Sentencing someone to eternity in hell because he doesn’t believe in Jesus Christ is clearly unfair, whether he disbelieves because of his parents’ “brainwashing ,” or lack of positive evidence, or lack of information (being brought up in India, say), or is just too stupid to see and understand what he has been told is good evidence. Would we blame someone with a 65 IQ for not graduating from high school? Wouldn’t that be unfair?
In fact, it should be obvious that punishing someone FOREVER for ANY wrongdoing is unfair. That is equivalent to our court systems executing check bouncers, petty thieves, speeders, or jaywalkers.
Bible-god is unfair over and over. I ask again, if we humans were made in his image, then why does god not have the same built-in sense of fairness? Could it be that those Bible authors of antiquity wanted to stress primarily that god was to be feared and obeyed, and so they downplayed fairness? Could it be that the Bible is not the “Word of God” after all, because it doesn’t describe any believably real god?
Fairness is so very often lacking in this world that god supposedly oversees and controls. Over and over, historically and today, good things happen to bad people and bad things happen to good people. Six million Jews were killed in Europe in the 1930s and 1940s. Their crime? An accident of birth. One or more of their parents or grandparents were Jewish. And of those Nazis who carried out the slaughter, or performed grotesque medical experiments on the Jews? Most of the common soldiers were never punished after the war, and a number of the Nazi leaders made it to South America and lived long, bountiful lives before being caught, and some were never caught. Seeing this, how are we to think about god’s appreciation of fairness?
Inevitably, some Christian reading this is going to claim that I just don’t understand the “mystery of god.” It will never occur to him that perhaps Bible-god is a lousy teacher because the Bible is simply not his Word. Bible-god insists that he wants us to believe, and that we have no other gods before him, yet he does ridiculously unfair things, making us suspect his sanity and, indeed, his existence.

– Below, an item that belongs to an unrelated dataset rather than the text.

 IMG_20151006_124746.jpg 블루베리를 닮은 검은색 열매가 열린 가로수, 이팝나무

We humans are deeply infused with a sense of - and need for – fairness. Why? And where does it come from? That Bible-god, who supposedly created us in his image, is so sorely lacking in this respect, convinces me that this creation story is false. We are not the creations, the “images” of such a self-absorbed, unsympathetic brute. We are far too concerned with fairness to be directly related.

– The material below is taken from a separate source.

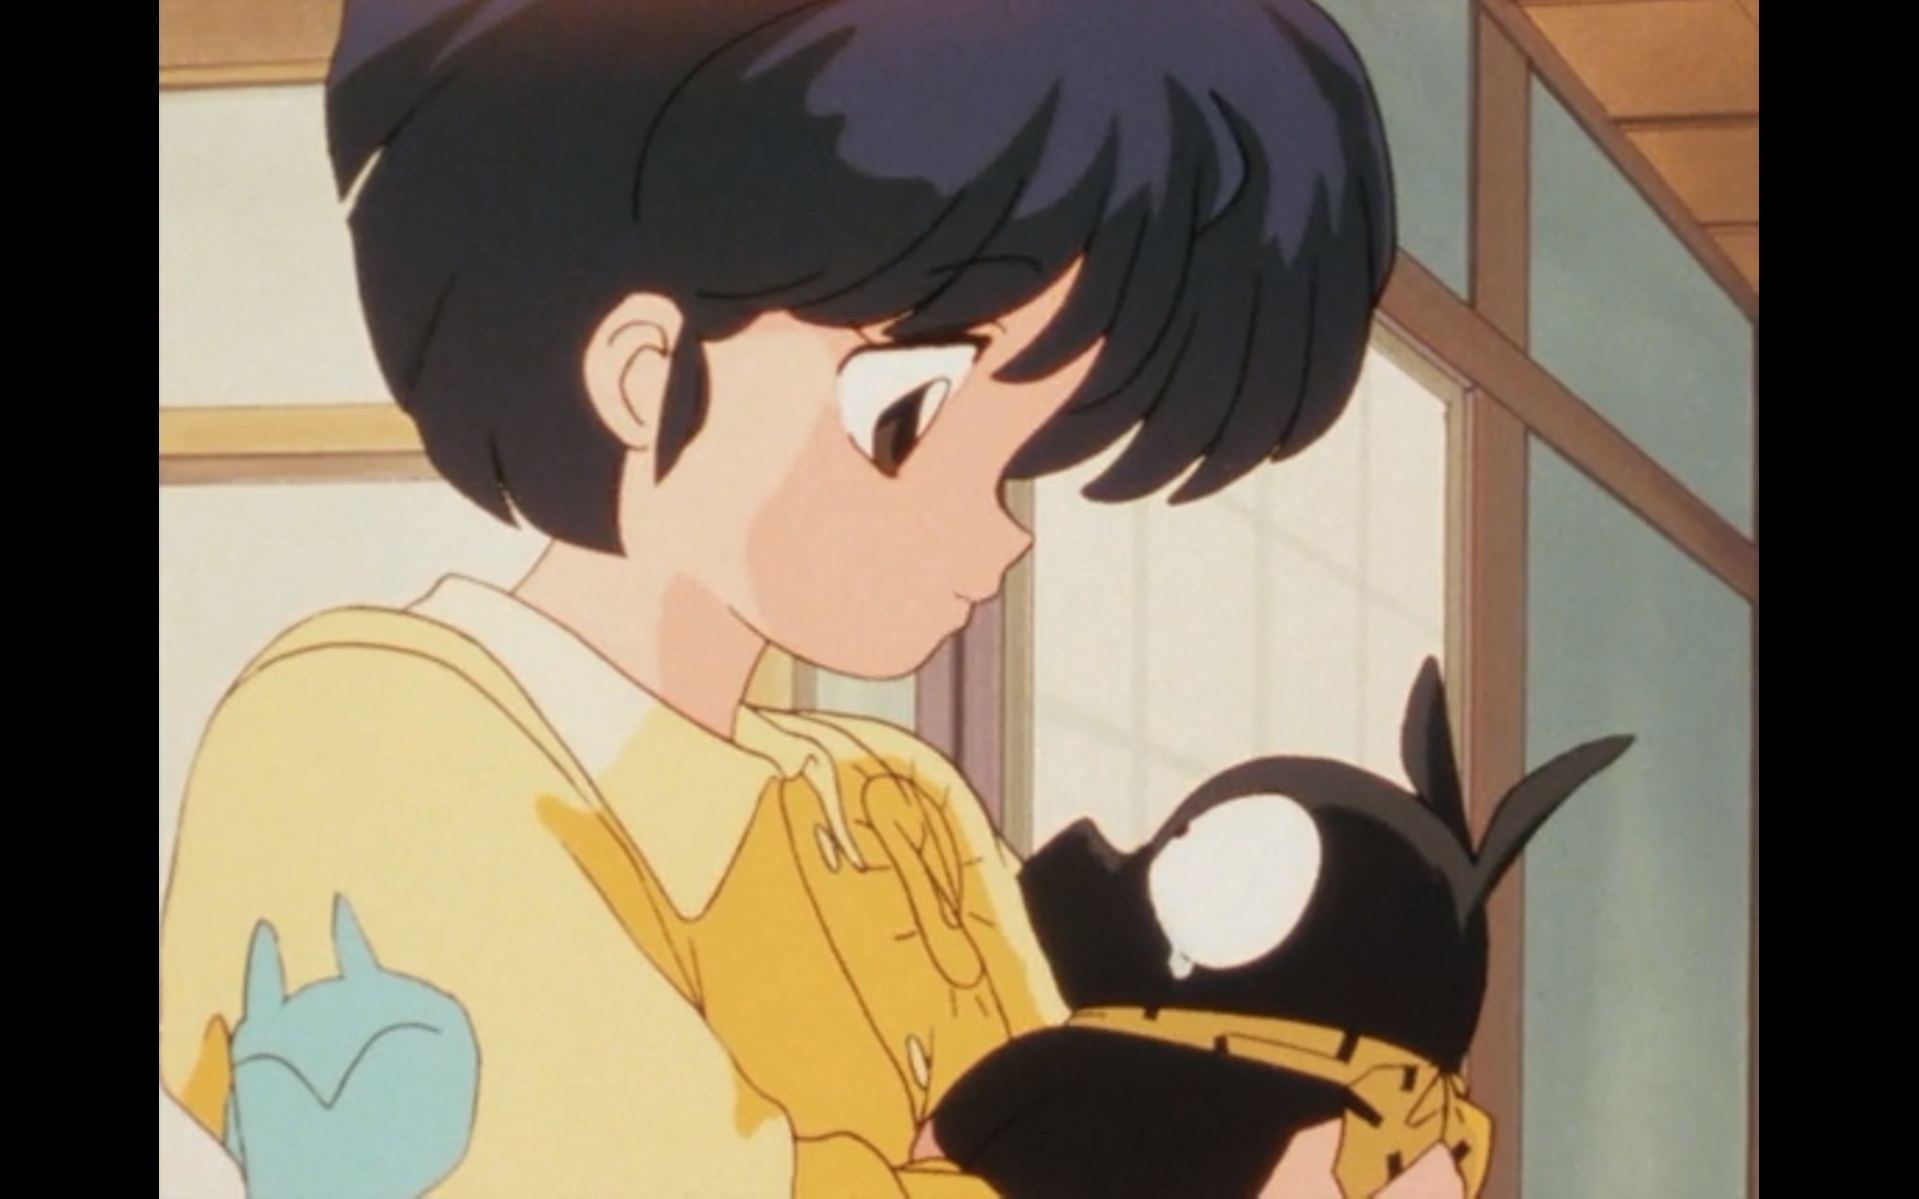 Akane Tendo kuschelt sich in einer Szene aus dem TV-Anime Ranma 1/2 an P-chan (heimlich Ryoga Hibiki in seiner verfluchten Ferkelgestalt).

Bible-god is horrendously unfair in the Bible, over and over, chapter after chapter, from Genesis through Revelation. Even if this god were real, it would not be deserving of worship. I am forced to conclude that those who believe in a loving god, based on the Bible, are deluded, or just not paying attention. A truly loving and perfect god would simply not make a habit of being unfair. That is contradictory and makes no sense at all.